“Have you seen Associated Banc-Corp this morning? Worst stock in the Russell 1000 already down about 10%. A number of things went wrong here…” — CNBC’s Squawk on the Street 1/11/2010
Green Bay, Wisconsin based regional bank Associated Banc-Corp (ASBC) was scheduled to report its fiscal fourth quarter performance on January 20th. However, they surprised investors with an early morning release. As it turned out, it was not the kind of announcement ASBC shareholders were hoping to see. The bank lost $180.6 million in the quarter ended Dec. 31 or $1.41 per share, and the quarter swung the entire fiscal year to a loss of $161.2 million. Analysts had predicted the bank to earn three cents per share in the quarter and obviously the market was disappointed by this outcome, which was largely due to bolstered reserves and charge-offs.
Associated come under the direction of a new CEO in August, Philip Lynn, who vowed to take a “hard look” at the company’s balance sheet in order to get in front of credit issues. While necessary, that hard look into the quality of ASBC’s more than $23 billion in assets appears to have been less than inspiring. The company has taken major strides to strengthen the balance sheet that is highly leveraged to CRE loans, and in the quarter Lynn increased the money set aside for loan losses by six-fold. The provision for losses now totals $395 million, up from just $65 million a year ago. The company was also required to charge-off nearly $234 million of their loan portfolio, with greater than 70% of those bad loans related to CRE loans. There could be more trouble ahead as $1.12 billion of their loan portfolio were non-performing at year’s end. This increase to loss provisions was not a surprise as Fitch downgraded the company’s credit in December because of their low coverage of loan-loss provision to non-performing loans.

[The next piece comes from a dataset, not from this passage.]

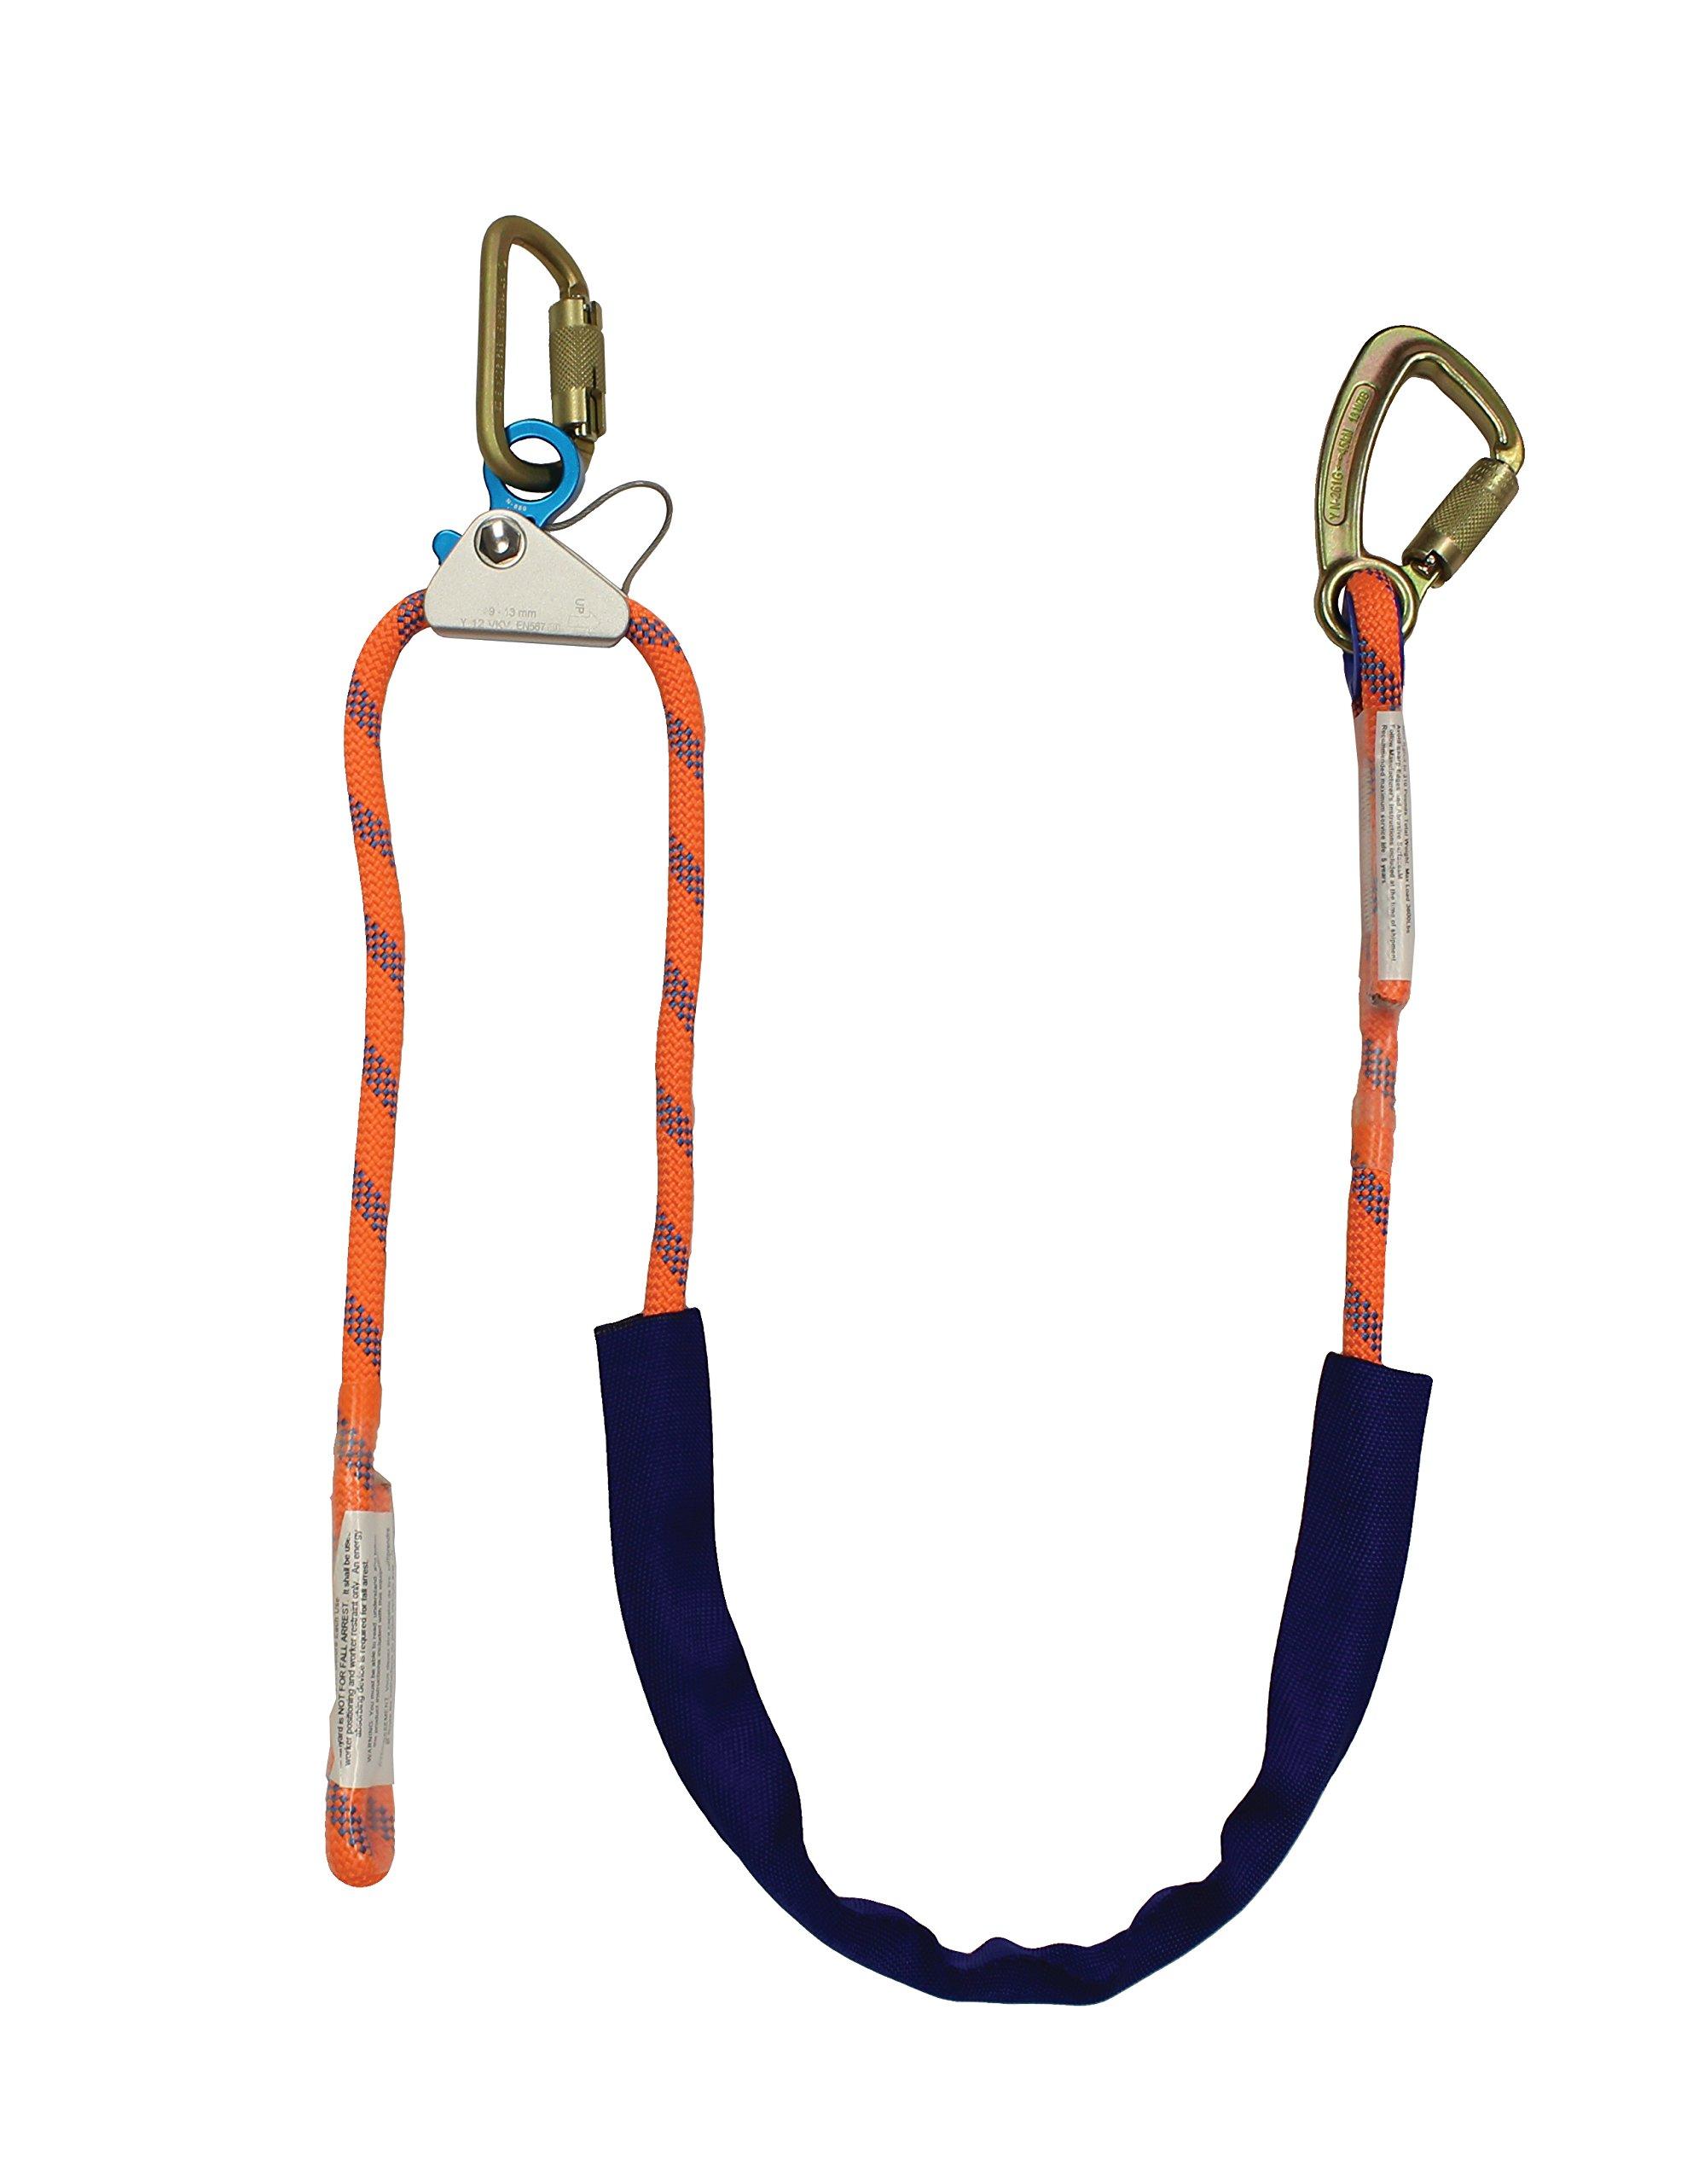 Elk River 34496 1/2'' by 6' Quick Adjustable Rope Positioning Lanyard by Elk River

In addition to Associated’s attempts to account for any further weakness in their loan portfolio, they also plan to bolster capital through a $400 million secondary offering. An offering of this size will undoubtedly be highly dilutive to existing shareholders, as the current market value of the company is under $1.5 billion. Associated will also cut their dividend for the second time this year, this time it will be slashed 80% from 5 cents per quarter to just 1 cent.
The moves the bank announced Monday and the wretched quarter do not inspire a lot of optimism towards the bank or the quality of their assets. Clearly, they are nowhere near ready to pay back their TARP loans of about $525 million, and instead are actively seeking more capital. It could be a painful process to get the bank back on more stabile footing and that could take some time. In fact, we are surprised that the stock is only trading 7% lower in late day trading. Coming into the week, we had placed our Fairly Valued rating on ASBC shares, but the poor results, susceptibility to risky CRE loans, and their dividend cut and shareholder dilutive capital raise may cause us to downgrade Associated Banc-Corp in an upcoming report.